Cada paso que daba hacia su habitación era más pesado, más frío. Lo supe antes de llegar: el hielo. Siempre era igual. Una lengua de escarcha ya se extendía por el suelo, reptando desde el marco de la puerta como si la misma casa quisiera expulsar el dolor.
Cuando estuve lo bastante cerca, el aire se volvió insoportable, cortante en la piel y en los pulmones. El hielo brotaba del interior, cubriendo las paredes, el suelo, las ventanas. Un silencio helado intercalado con sus alaridos.

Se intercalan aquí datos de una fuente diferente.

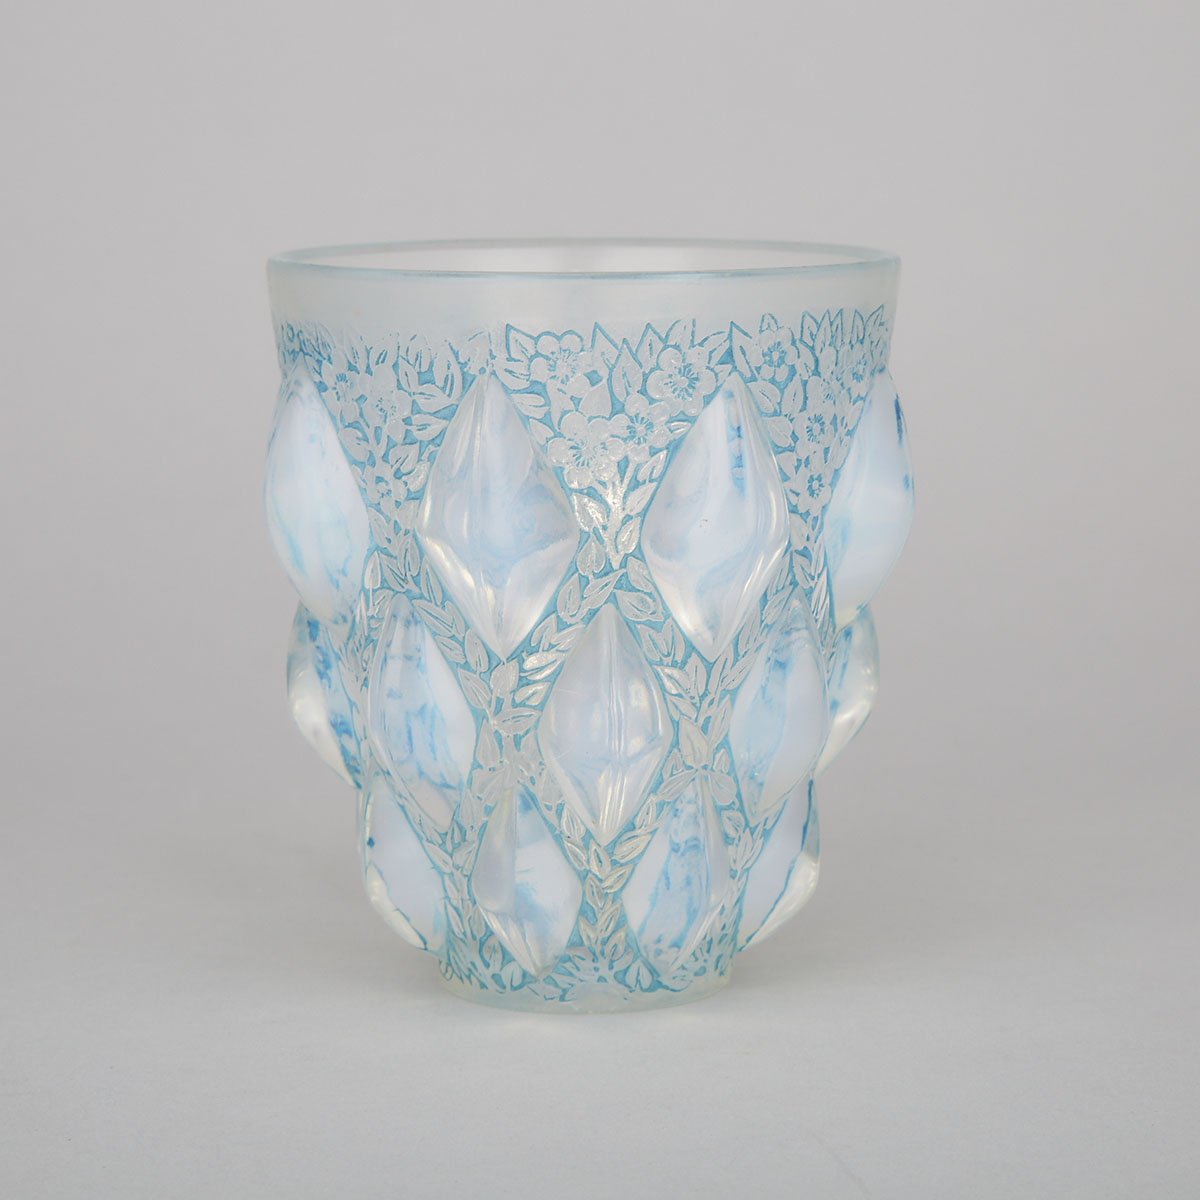 ‘Rampillon’, Lalique Blue Enameled Moulded Opalescent Glass Vase, c.1930
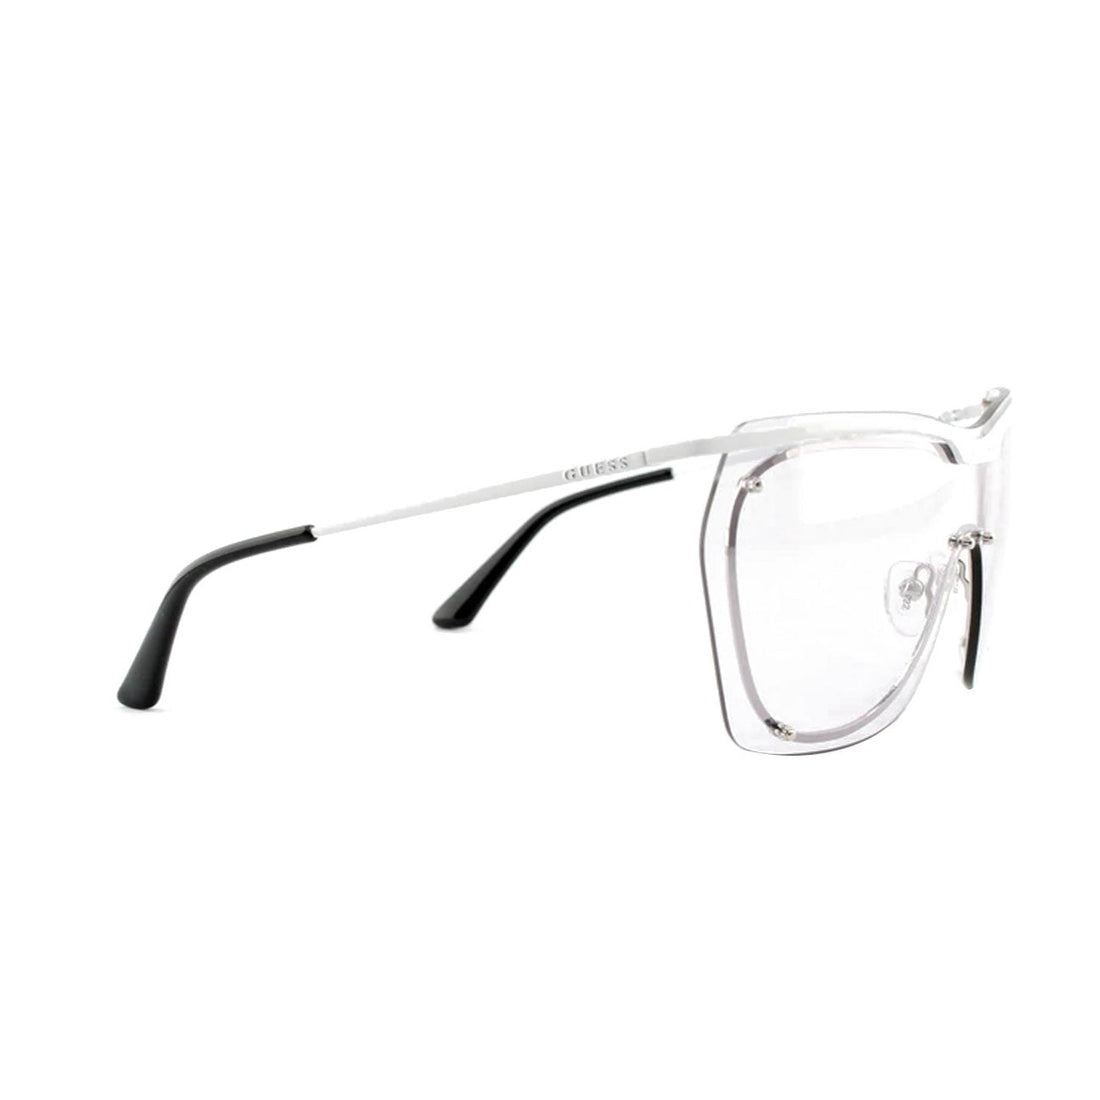 Guess Sunglasses | Model GU 7720 - White/Silver

Suspiré, con esa amargura que ya no me abandonaba, y extendí la mano. Mi propio hielo se desplegó, absorbiendo, controlando, anulando el caos de ella antes de que se extendiera más allá de lo que yo pudiera detener. No era la primera vez que tenía que hacerlo, y sabía que tampoco sería la última. Era el único modo de mantener la mansión a salvo, a los criados, a mis… a los jóvenes maestros.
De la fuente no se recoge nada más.